134. The Small-Customer, Small-Order “Lollapalooza Effect”

Lollapalooza Effect: (A Charlie Munger term) When multiple cognitive biases reinforce one another within a group, irrational beliefs will take over.   

THE PROBLEM WITH SMALL CUSTOMERS WITH UNPROFITABLE, AVERAGE-ORDER SIZES

When distributors create a Cost-to-ServE (CTS) model to estimate and rank customers by net-profitability, there are typically two, customer-group shocks:

  • Some big-margin-dollar customers are big losers. Their many small-dollar orders and/or line-item picks total eat more CTS dollars (CTS$s) than their Gross Profit dollars (GP$s).
  • And, 40 to 80% of all customers are small with small, average-order sizes. Their CTS$S also exceed their GP$s.  

Warning! You can rapidly increase Small-Losers with a web-site marketing effort that wins new customers with terms that don’t insure enough GP$s per order.   

Case example: a big distribution chain got these web-selling results: popped company sales by 8%; while customer and transaction counts doubled!

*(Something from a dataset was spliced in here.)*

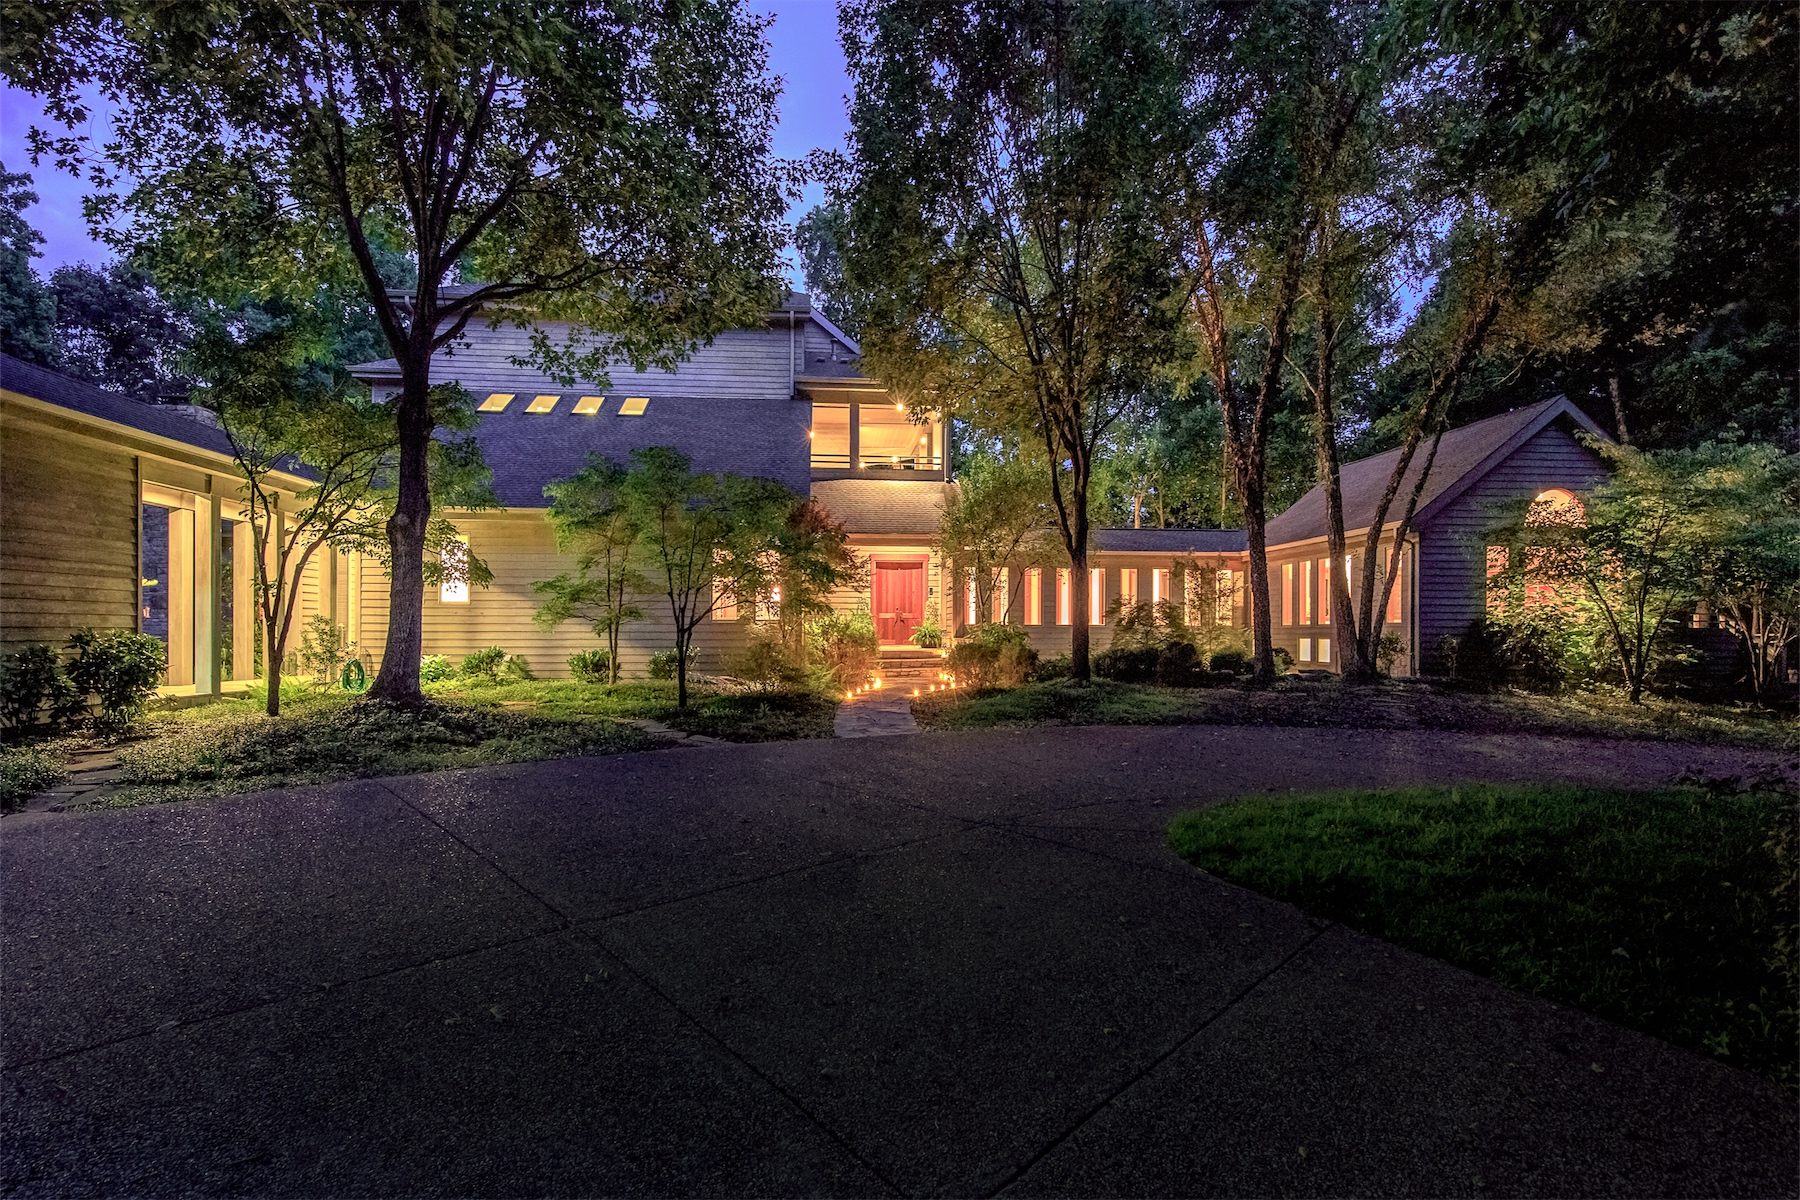 独户住宅 为 销售 在 Gracious Gated Sanctuary on 29 Private Acres 7600 Buffalo Road 那什维尔, 田纳西州 37221 美国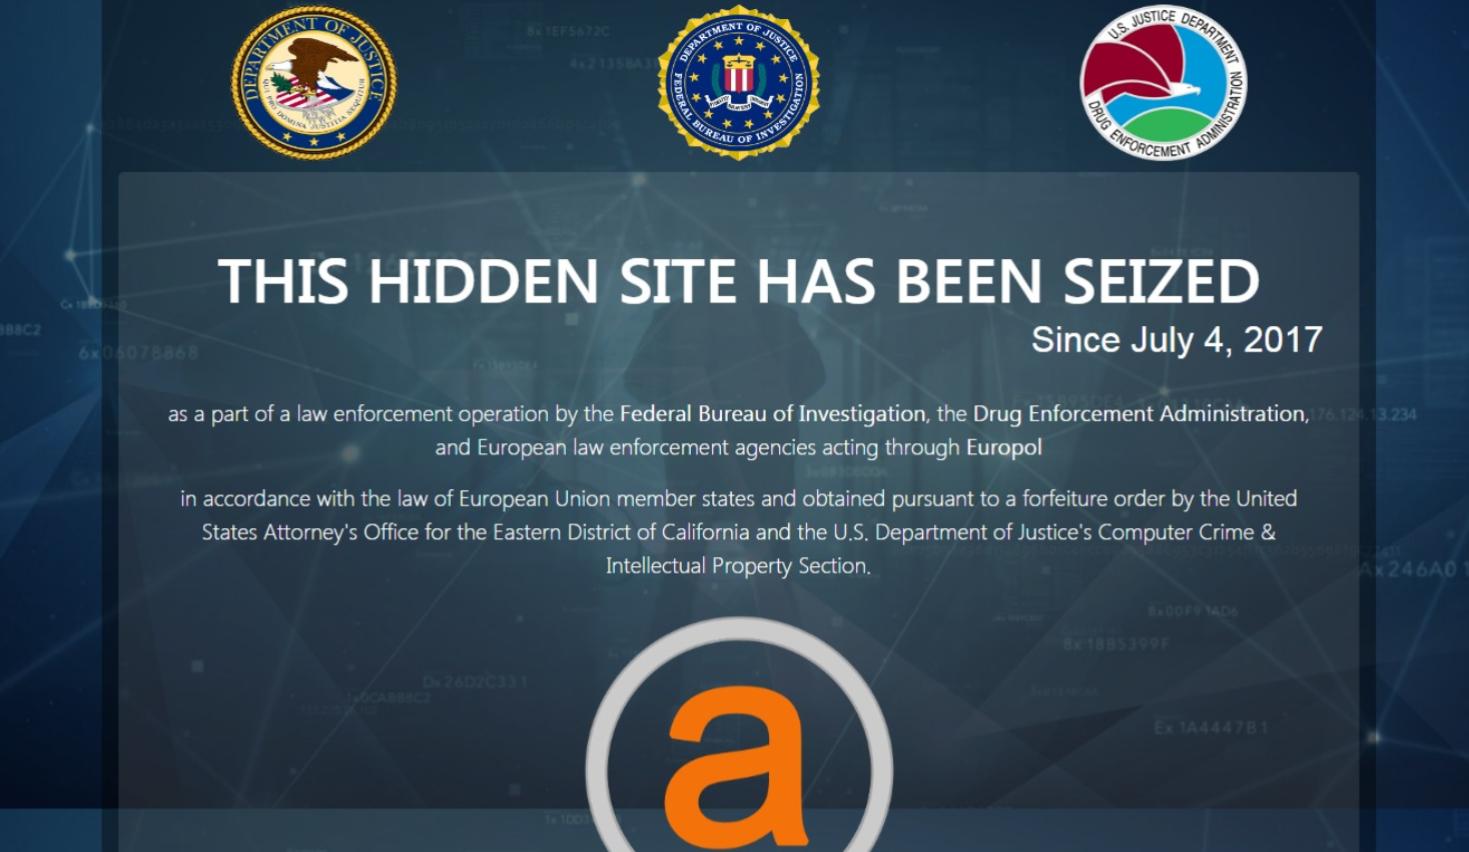 Hidden websites seized

So, 80% of all customers generated only 5% of the GP$s on 25% of all transactions. The new CTS-model verdicts:

  • The Web Division was a net-loser
  • Traditional distributor fulfillment costs exceed Amazon’s.   

THE LOLLAPALOOZA DENIAL REACTION  

The model stinks! Change it to turn little losers into winners. But, if 100% of operational costs are in the CTS model, then costs shift to turn other accounts into losers.

So, kill the CTS model and return to the traditional, data-free, Lollapalooza Belief-Bundle that includes:  

  1. All sales and margin dollars are equally good (irrespective of related CTS)
  2. All costs are fixed in the moment, we can always take one more order (or thousands) without hiring any more CTS fulfillment people or reinventing CTS like Amazon.      
  3. All new sales/margin dollars grow: economies of scale; profits; and rebates!
  4. Reps don’t like to see commissionable accounts as net-profit losers. Pretend they aren’t; be happy!  
  5. Win more customers (of any size, kind) to replace defections and deaths to support 1-4.
  6. Little losers will grow into big profitable accounts.
  7. Little losers have higher average GP% which makes them (more) profitable.
  8. Everyone we listen to in the industry shares these beliefs (confirmation bias?). Stick with the herd!
  9. And, we’re doing OK financially. More volume will win.   

OR?

Discuss belief blind-spots. Test them against statistical analytics. The opportunity costs of being distracted by burgeoning, Small-Order Busy-ness? Could you grow faster and more profitably by super-focusing on and better partnering the biggest, profitable, growing accounts? Using what buying statistics to spot lose-lose activity costs to fix?